In 1961, Don Level and Bob Love, as the rhythm and blues duo "Don and Bob", recorded a different version of "Good Morning Little Schoolgirl" for Argo Records, a Chess subsidiary. Although they use the phrase "good morning little schoolgirl", the song has different chord changes and lyrics, including references to popular dance styles of the time.

When the Yardbirds were looking for a song to follow up to their first single, "I Wish You Would", they chose the Don and Bob tune. The group's guitarist Eric Clapton explained in an early interview:

[The Yardbirds were] working about every single night of the week. Trouble was finding new material for a disc. We remembered this 'Good Morning Little School Girl' from a rather obscure R and B artiste—a friend of ours had it on a long-player. So we rushed in and recorded it.

The single was released on October 20, 1964, in the UK, where it reached number 44 in the singles chart, the band's first record to do so. Epic Records, the Yardbirds' American label, did not issue the single in the US, but in 1965 included the song on their first U.S. album, For Your Love. Later, in his autobiography, Clapton described the early recordings:

[They] sounded pretty lame. We just sounded young and white, and even though our second single, a cover of a rock version of 'Good Morning Little Schoolgirl', sounded much better, I felt just that we were falling short of the mark in some way. This was not something I felt just about the Yardbirds, but about other bands that I admired, like Manfred Mann, the Moody Blues, and the Animals, all of whom were far better live than they were on recordings.

The group recorded a live version at the Marquee Club in London, which was released on the British debut album, Five Live Yardbirds, in December 1964. On the live version, Clapton and bassist Paul Samwell-Smith provided the vocals instead of lead singer Keith Relf. The Yardbirds single version was credited to "Demarais" or "H.G. Demarais" (Dee Marais, a Shreveport, Louisiana, record label owner/distributor and business associate of Leonard Chess), although some later reissues list Sonny Boy Williamson as the songwriter. Album credits for live version are either listed as Demarais or "Level–Love".

=== Other versions ===
Numerous artists have recorded or performed the song through the years, usually with the title "Good Morning Little Schoolgirl". In 1964, Rod Stewart released his version as his debut solo single for Decca Records. In 1967, the Grateful Dead recorded a version for their self-titled debut album based on Wells' arrangement. Ron "Pigpen" McKernan provided the vocal and harmonica, which an AllMusic reviewer called a "greasy harp-fuelled take". The song was a staple of their early live performances.

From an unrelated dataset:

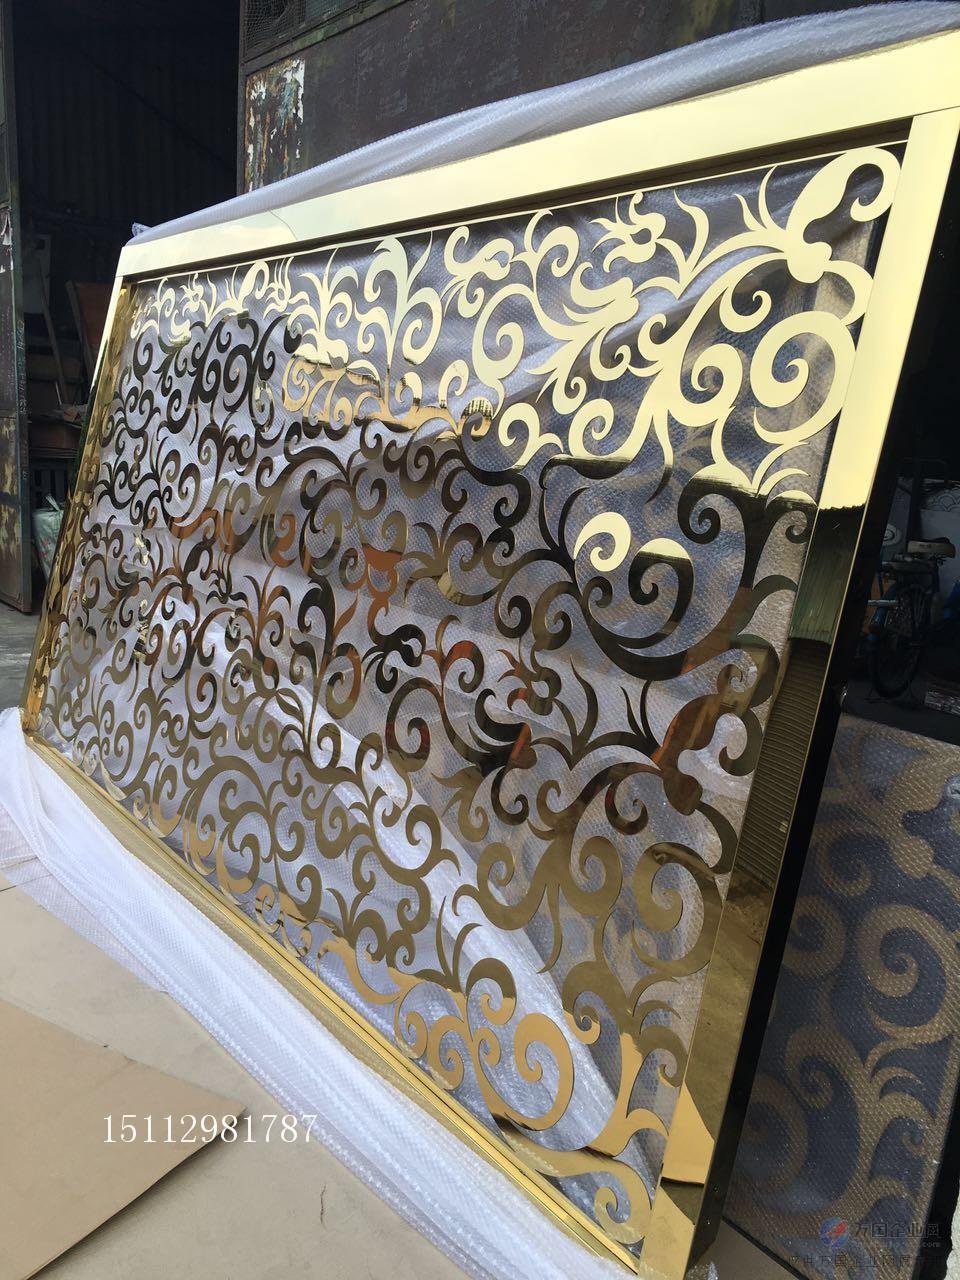 不锈钢花格,不锈钢镂空板,不锈钢雕花板等,款式新潮,华丽时尚,大方

English group Ten Years After updated the song with a blues-rock arrangement for their 1969 album Ssssh. In an album review, Jim Newsom noted the seven-minute version included "reworked lyrics leaving little doubt as to what the singer had in mind for the title character".

==Recognition and legacy==
In 1990, Sonny Boy Williamson's "Good Morning, School Girl" was inducted into the Blues Foundation Hall of Fame in the "Classics of Blues Recordings – Single or Album Track" category.